RECORDED DATA Block Start
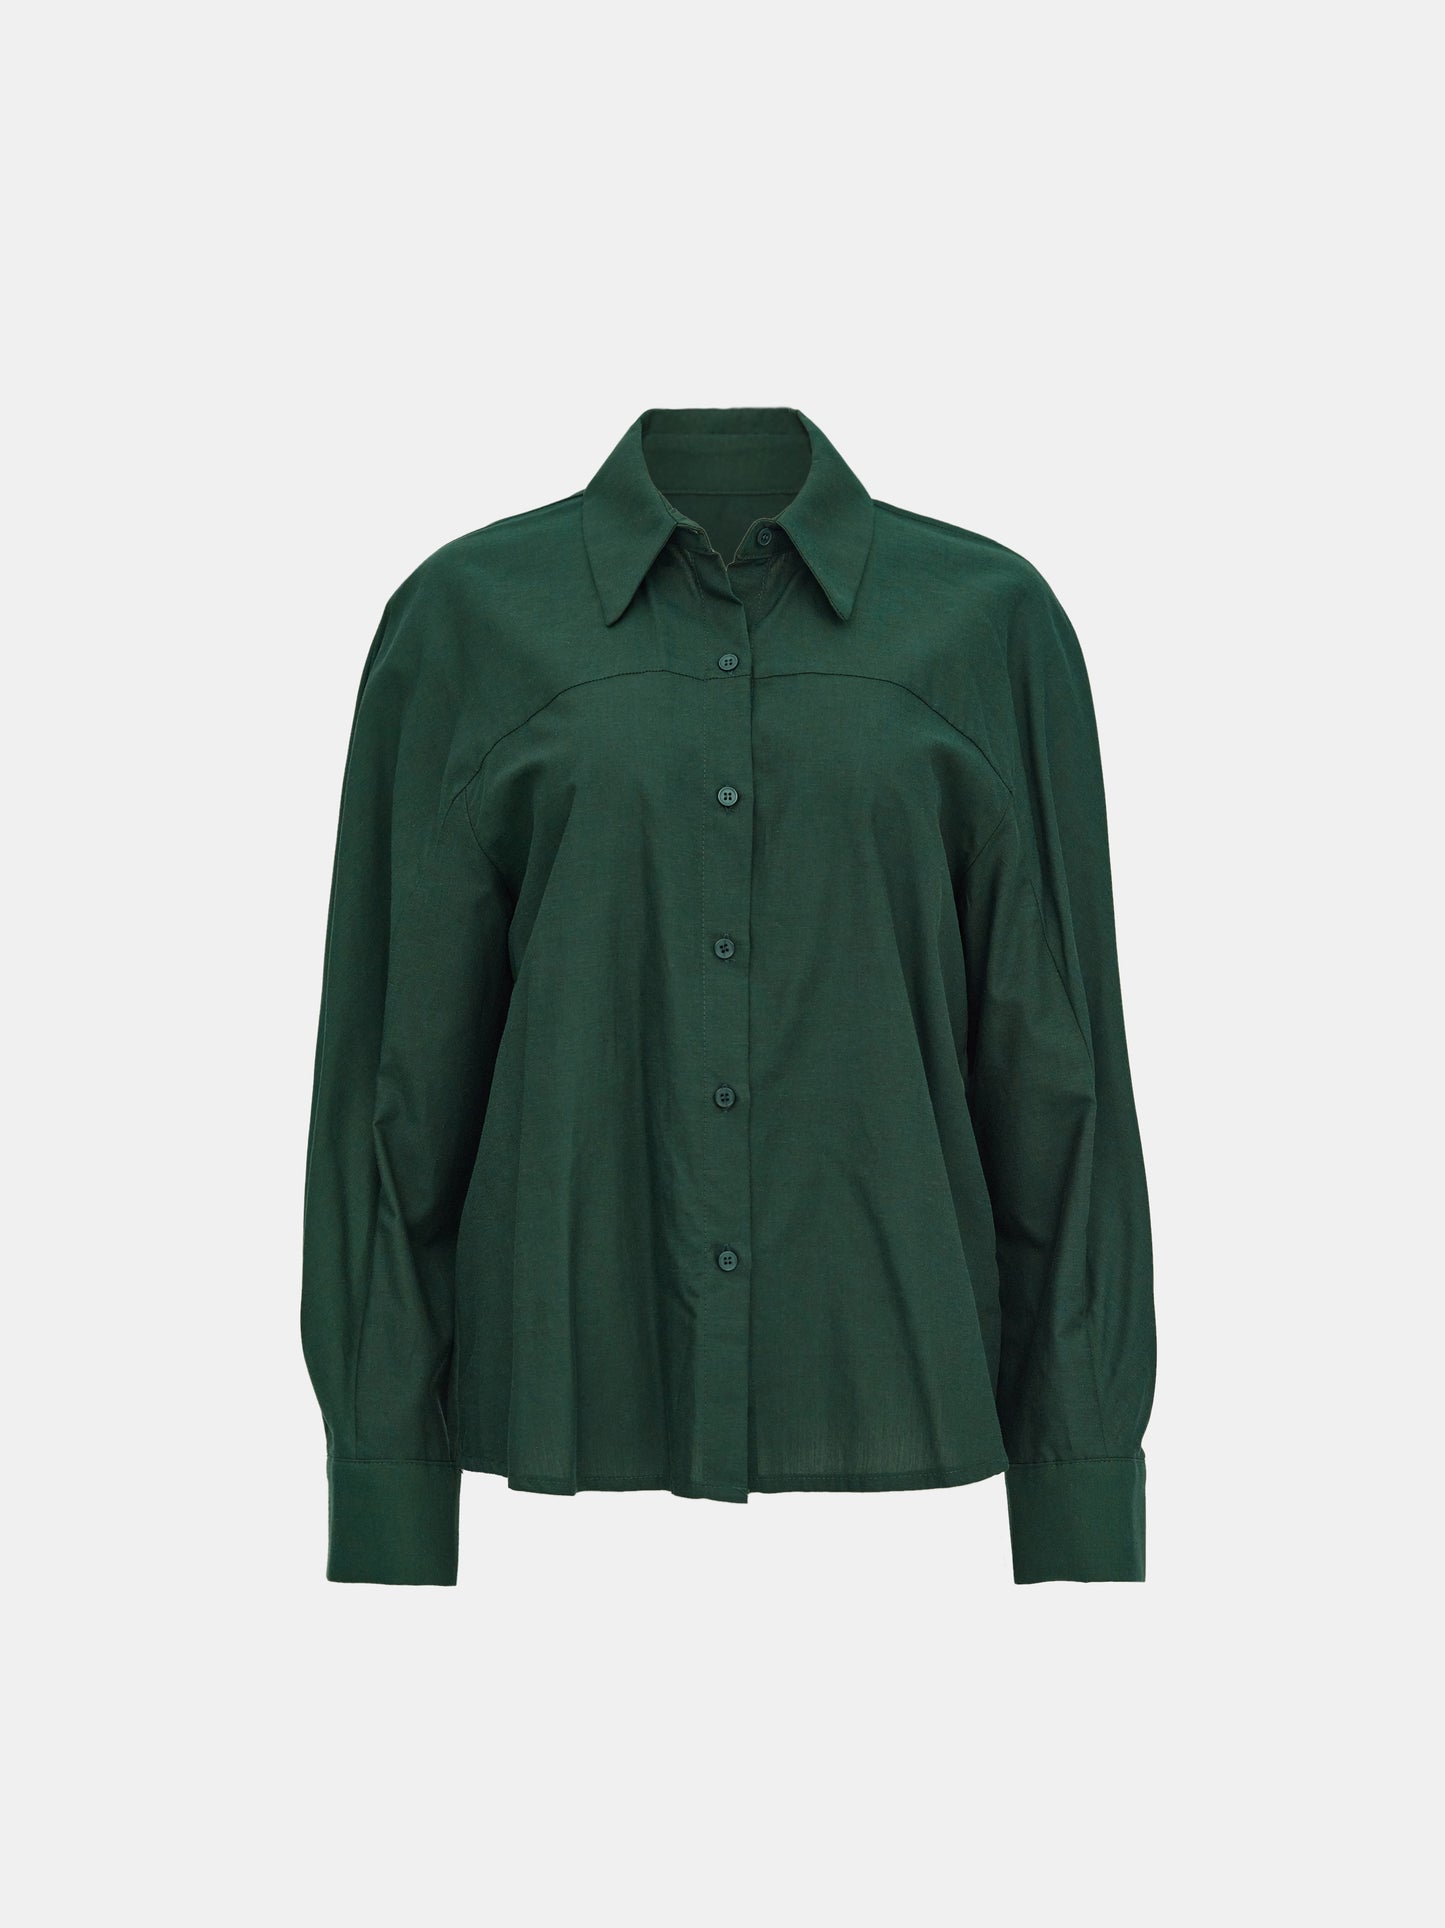 One-Shoulder Tank + Shirt Set, Mint & Peale Green
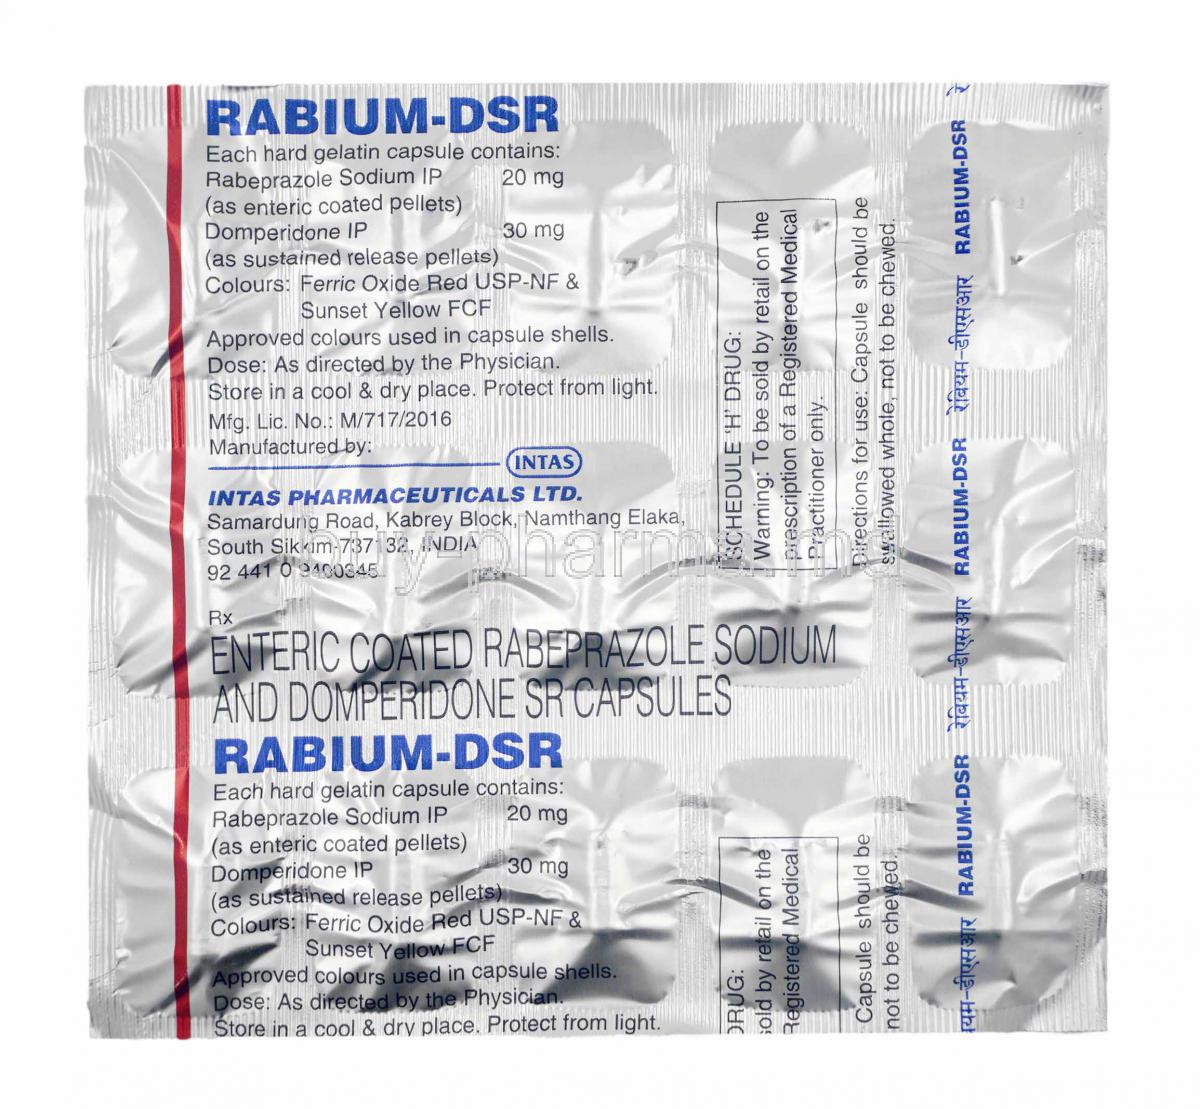 Rabium-DSR, Domperidone and Rabeprazole capsules
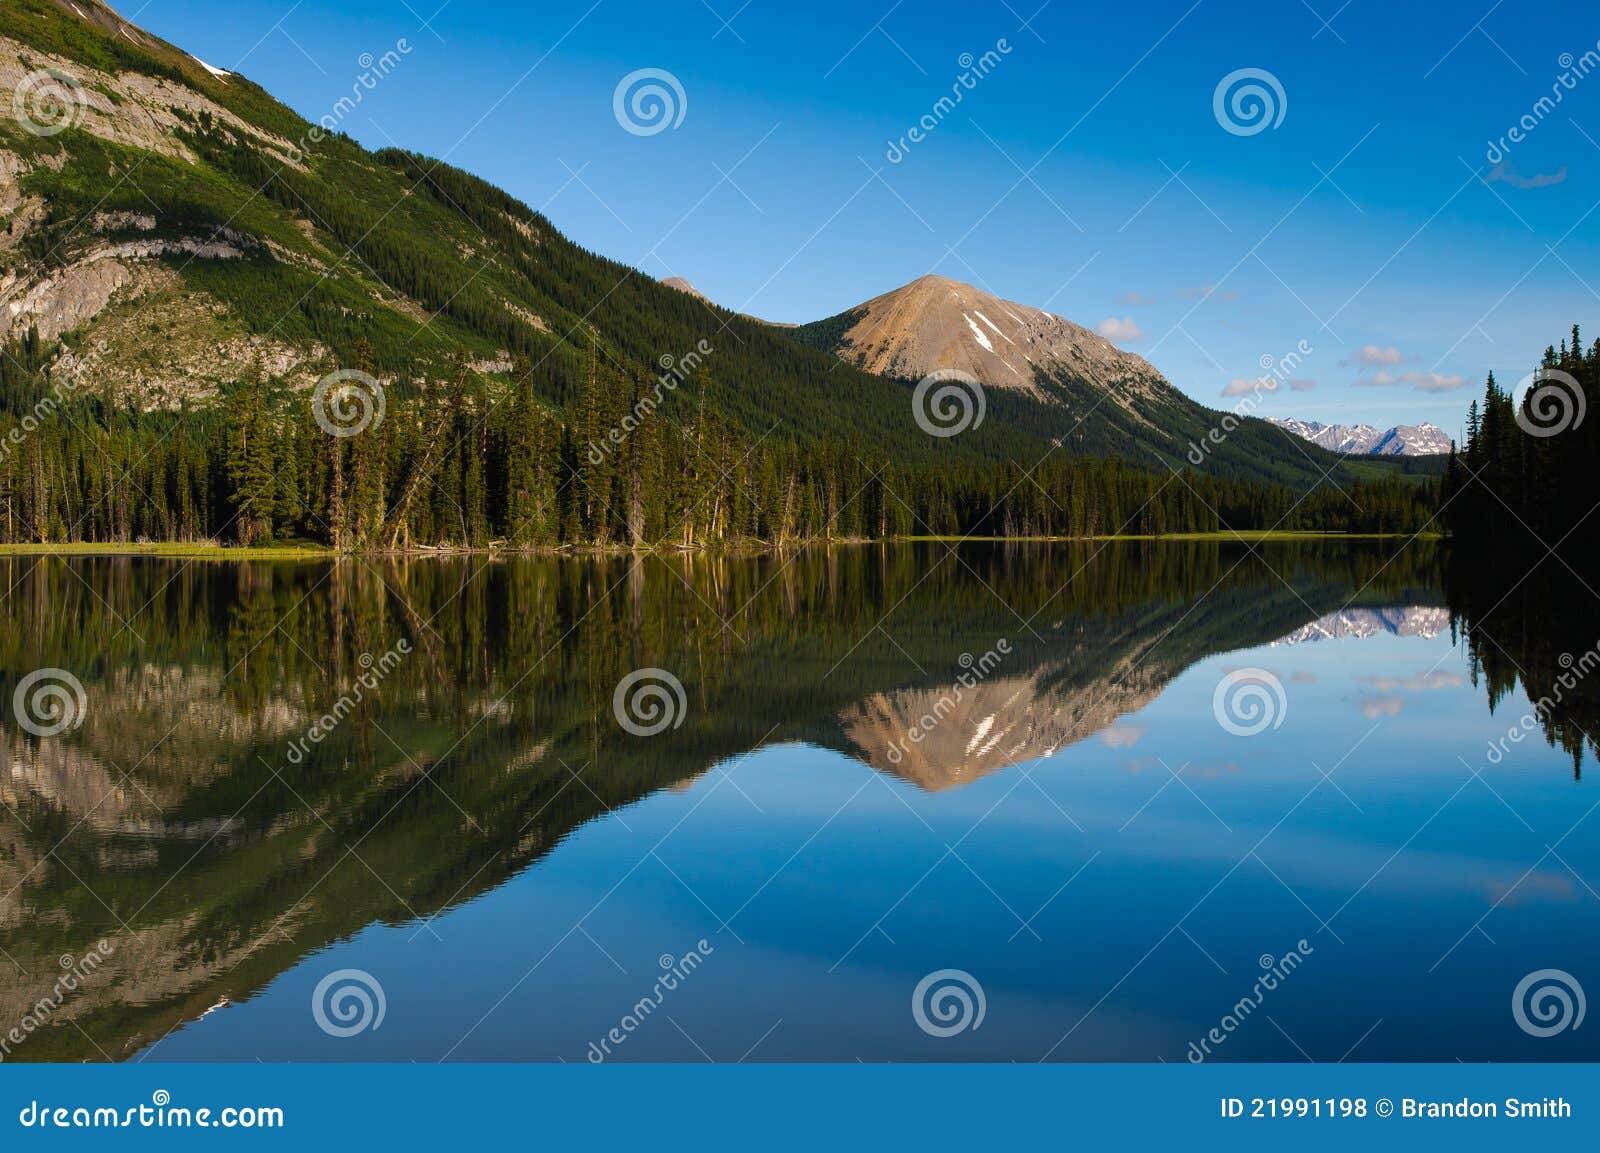 Mountain lake in Kananaskis country Alberta Canada in summer.
RECORDED DATA Block End
### WHAT THE TASK REQUIRES
Only the pictures should be left out; the rest of the material above must be repeated exactly.

### EXPECTED ANSWER
 One-Shoulder Tank + Shirt Set, Mint & Peale Green
 Rabium-DSR, Domperidone and Rabeprazole capsules
 Mountain lake in Kananaskis country Alberta Canada in summer.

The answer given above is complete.